Awas, Jangan Karena Rokok Anak Kurang Gizi
Pixabay
Ilustrasi

jaringberita.com - Anak-anak dari keluarga miskin berpotensi kekurangan gizi hingga mengalami stunting karena pembelian rokok memakan sebagian besar pengeluaran rumah tangga.


"Karena pemenuhan gizi anak-anak dikalahkan dengan pengeluaran untuk membeli rokok," kata Ketua Yayasan Lentera Anak Lisda Sundari dikutip dari Antara, Rabu (14/12/2022).

Menurutnya, pengeluaran rumah tangga keluarga miskin untuk konsumsi rokok tetap tinggi dan situasi ini tidak berubah dalam 10 tahun terakhir. Selain terancam mengalami kekurangan gizi, anak-anak yang orang tuanya merokok, sangat berpotensi mengalami putus sekolah.

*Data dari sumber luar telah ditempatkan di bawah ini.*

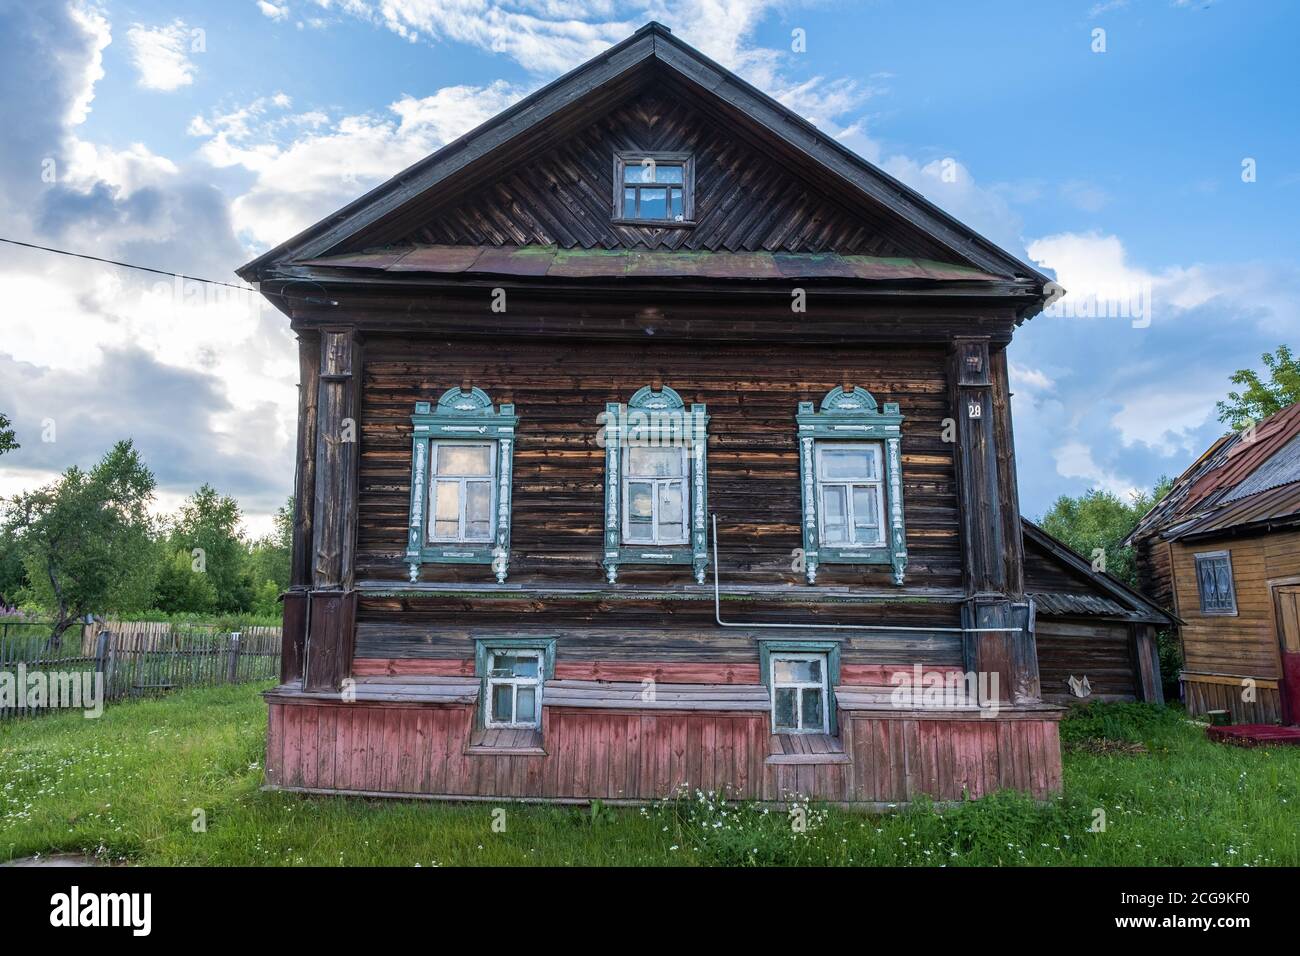 Vecchia casa di villaggio a due piani in legno in una serata estiva, Krasnye Gory villaggio, Ivanovo regione, Russia. Foto Stock

Untuk itu Lisda berpendapat,dalam jangka panjang, kondisi ini tentu dapat mempengaruhi kualitas sumber daya manusia Indonesia.

"Dalam jangka panjang akan akan mempengaruhi kualitas SDM," kata dia.

Sebelumnya Menteri Keuangan Sri Mulyani Indrawati mengatakan konsumsi rokok menduduki posisi tertinggi kedua bagi pengeluaran rumah tangga, baik di perdesaan maupun di perkotaan.